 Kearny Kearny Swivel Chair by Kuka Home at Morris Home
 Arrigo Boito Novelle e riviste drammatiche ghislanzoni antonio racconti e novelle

▬▬▬▬▬▬▬▬▬▬

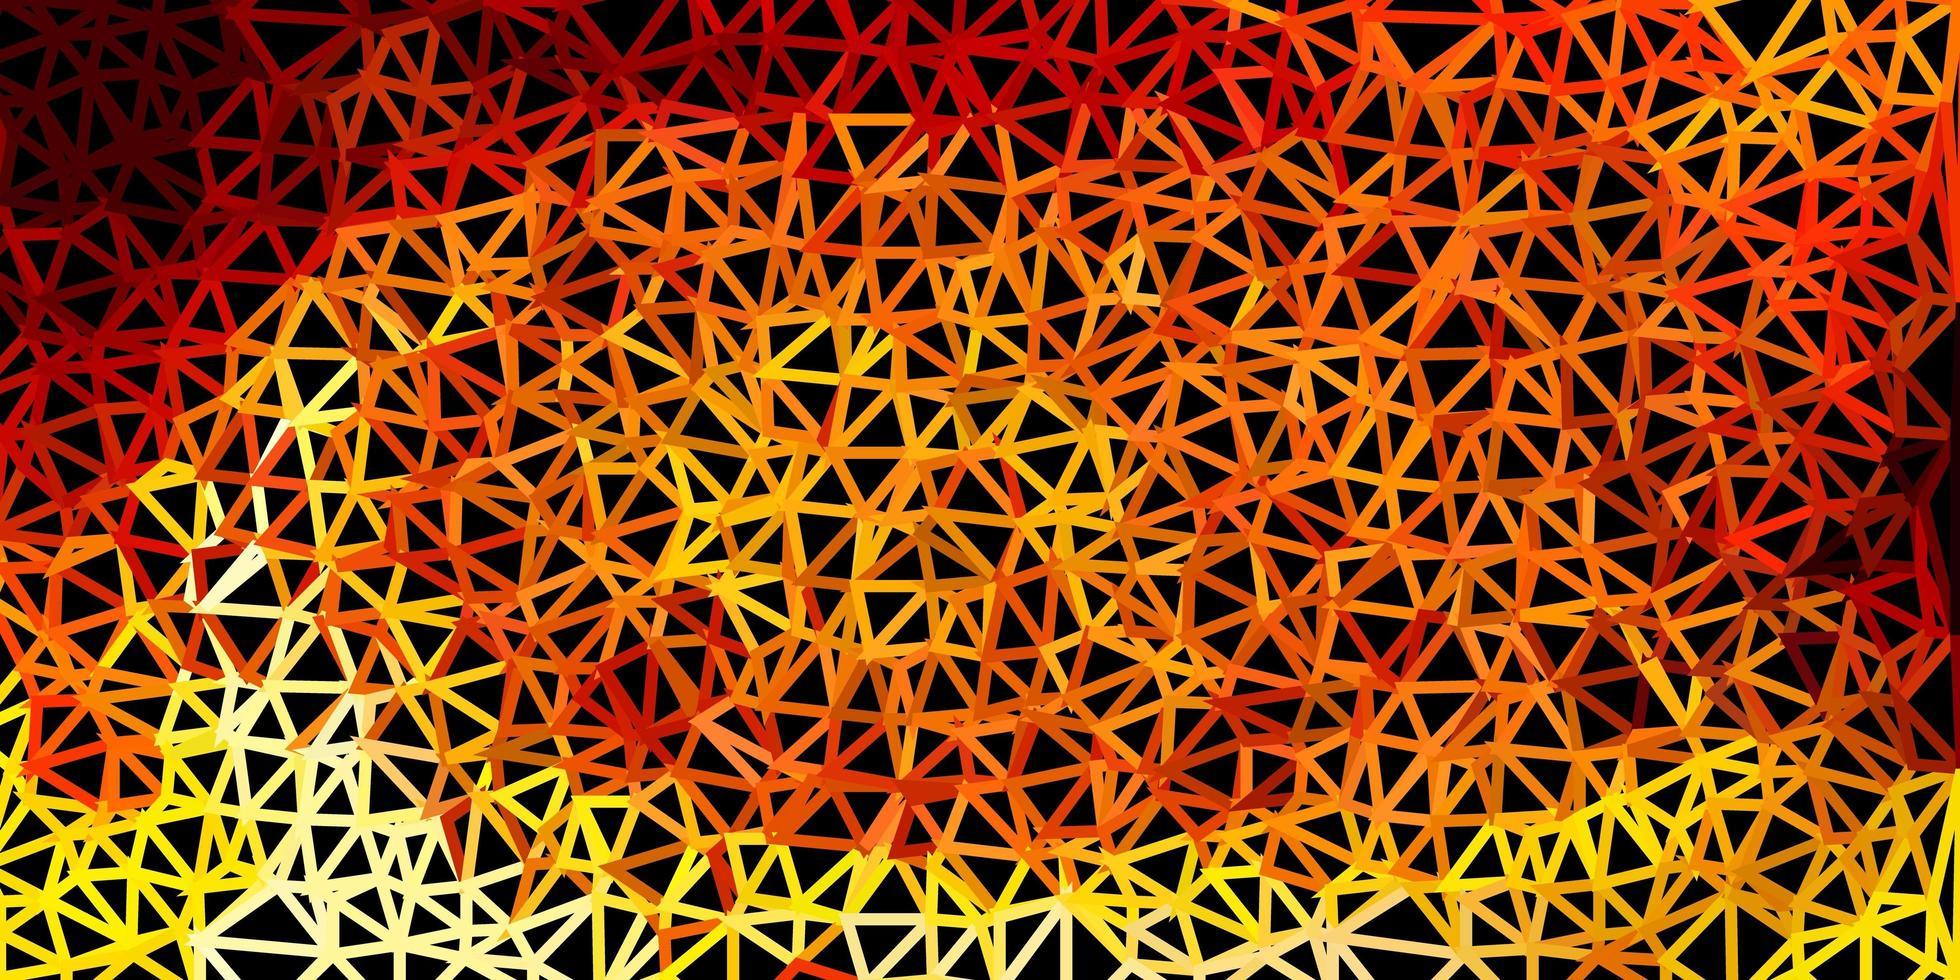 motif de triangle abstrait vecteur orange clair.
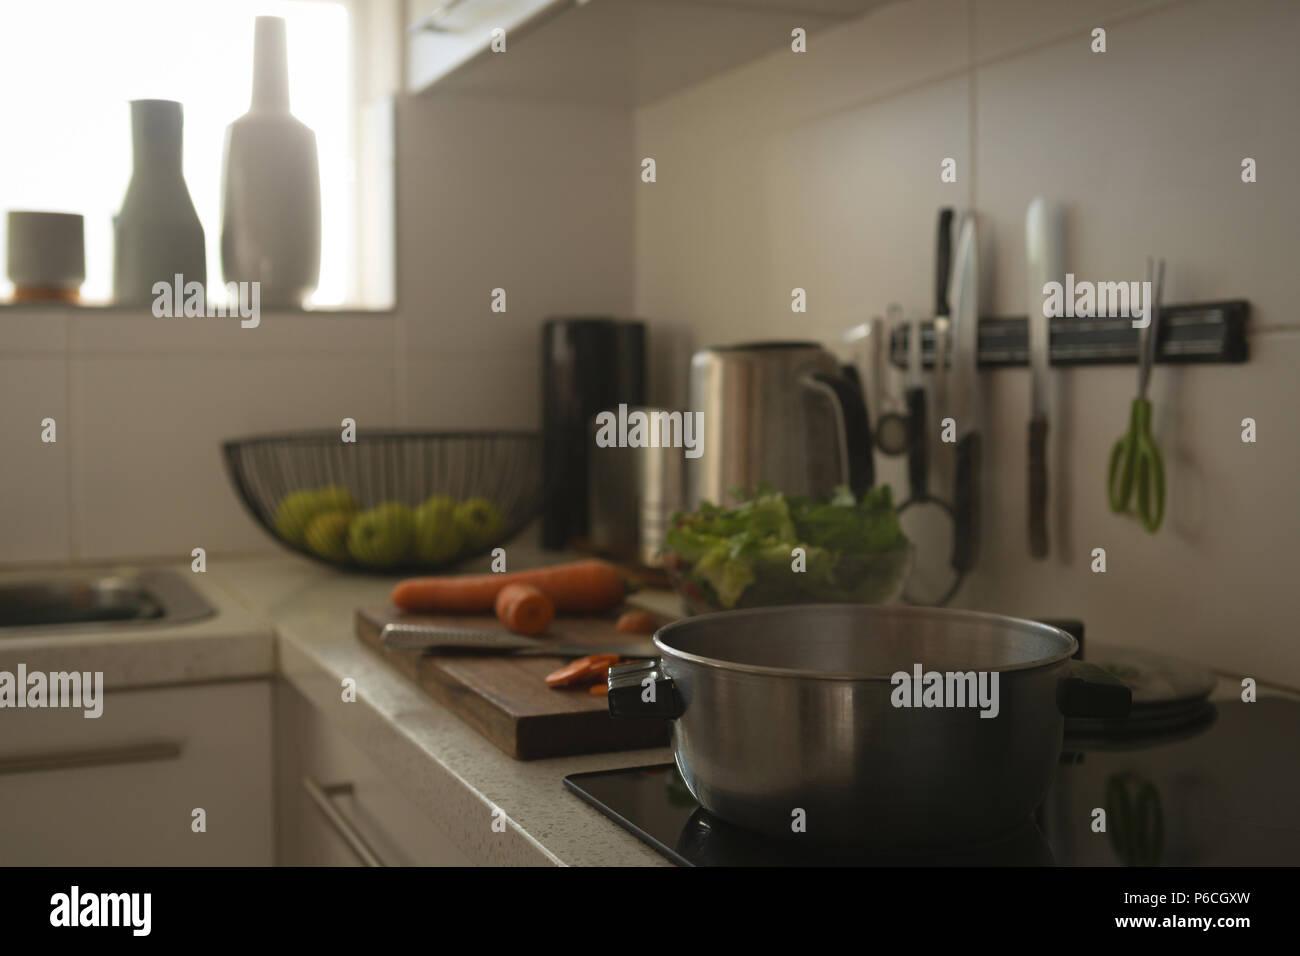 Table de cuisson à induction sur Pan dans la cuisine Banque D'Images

▬▬▬▬▬▬▬▬▬▬

WORK ORDER:
Given the records above, reproduce precisely and only the lines between the line holding "Kearny Kearny Swivel" and the line holding "Arrigo Boito Novelle", inclusive.

EXERCISE ANSWER:
 Kearny Kearny Swivel Chair by Kuka Home at Morris Home
 Arrigo Boito Novelle e riviste drammatiche ghislanzoni antonio racconti e novelle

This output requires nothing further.